One third of this year’s full-time Sturt School for Wood furniture students are health workers – nurses, doctors and paramedics seeking a more meaningful, mindful work/life balance.
This is echoed by Parkes: ‘At JamFactory, over the past few years, we have seen a tremendous growth in enrolments in our various short courses, with people wanting to get hands-on and learn how to make things out of clay, glass, metal or timber… Participants in these workshops walk away with a sense of achievement, but also a greater appreciation for the skill required to make things well.’
The tricky dollar discussion of wages
Unlike the public services, or trades with structured apprenticeships and awards, the arts has never had regulation around what is pay – let alone what should be paid to artisans, artists and arts professionals.
The campaign for an artist wage, and to be paid on an equal/or flat professional footing, has made it difficult for some makers to take on an assistant. This is especially difficult in a studio medium like glass that requires studio hire and often a number of assistants, on top of increasing energy costs, freight costs etc. It is a very tiered profession in terms of roles and levels of skill in making, but payment recognising that tier is not always reflected in assistant fees.
So a new graduate may charge the same fee to assist as someone with 20 years of experience because that is ‘the going rate’. Navigating that is difficult, as it is inappropriate today to say, ‘Look, you’re not quite at that pay rate yet. Please pull it back a little bit.’
Adding to that, makers are finding themselves in a situation where they are not getting the skill they are paying for, due to the lack of skilled assistance available.
Parkes says, ‘Paying fair hourly rates to recent university graduates for blowing glass or assisting with production of pottery is entirely appropriate in a fair and modern work environment, but it is also very challenging, as university art and design schools do not teach making skills as such and there are almost no obvious vocational training pathways for ceramics and glass.’
There is another veiled problem underlying this pay for skill pressure point.
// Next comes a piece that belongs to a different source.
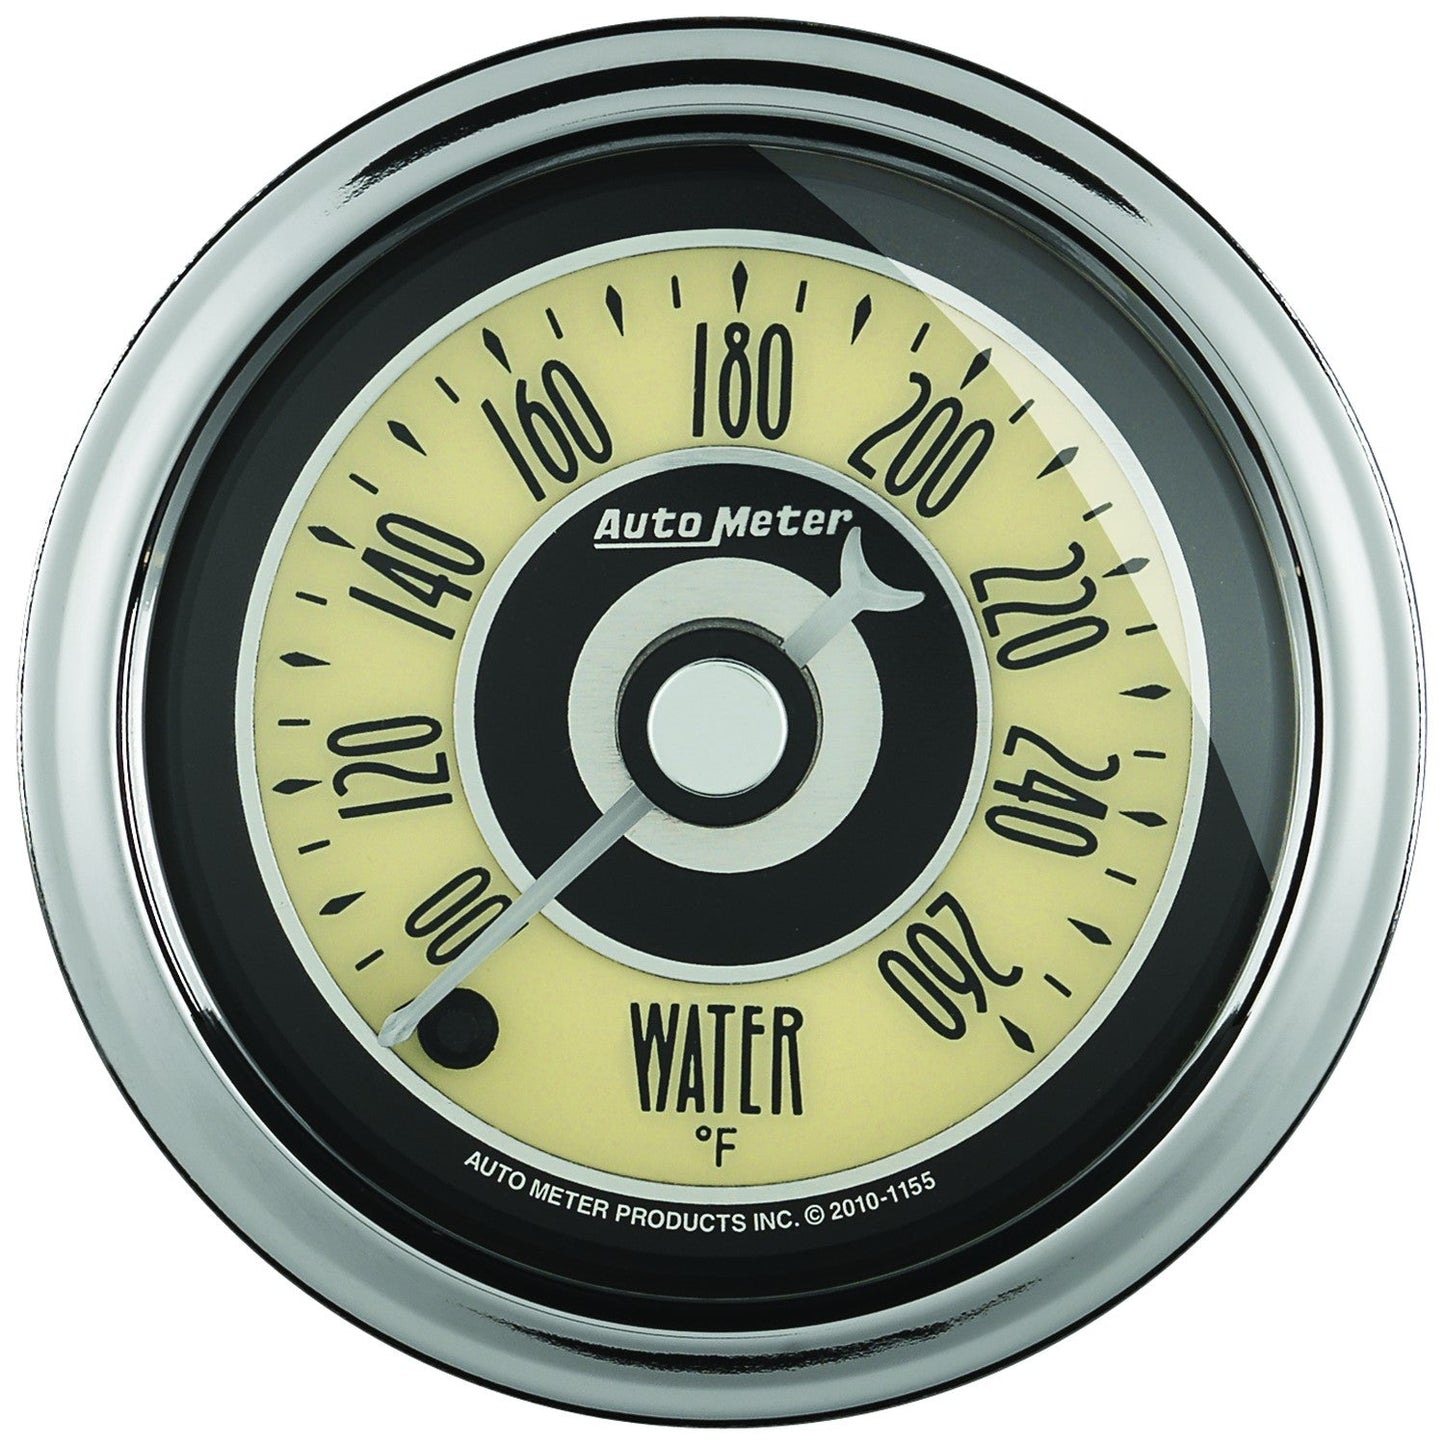 AutoMeter - 2-1/16" TEMPERATURA DEL AGUA, 100-260 °F, MOTOR PASO A PASO, CRUCERO AD (1154)

By charging the same level as a seasoned professional, recent graduates actually push themselves out of a position of growth, and they lose that career trajectory, because they price themselves out of it too early.
Aimee Frodsham, Artistic Director of Canberra Glassworks, says that there is the added challenge of losing talent ‘to the other economies, if we can’t pay them comparably’.
Parkes adds: ‘In the case of glass-blowing, we currently have an unmet demand for skilled labour to produce awards, products and artworks for a variety of clients, but unless we’re prepared to look at skilled migration programs, we accept that we need to pay a high labour cost and absorb a high rate of failure to contribute to the training of recent art school graduates to broaden the pool of talent we can draw on.
‘In recent years we have worked hard to increase rates of pay for very skilled makers to both recognise the value of their skill and to incentivise the attainment of skill,’ he concludes.
It is a complex landscape that is in flux, with constantly changing conditions. The challenge is not exclusive to makers, artists and writers. Ultimately, however, it is a decision that the individual maker must make – what will they accept for their ‘valued’ skill?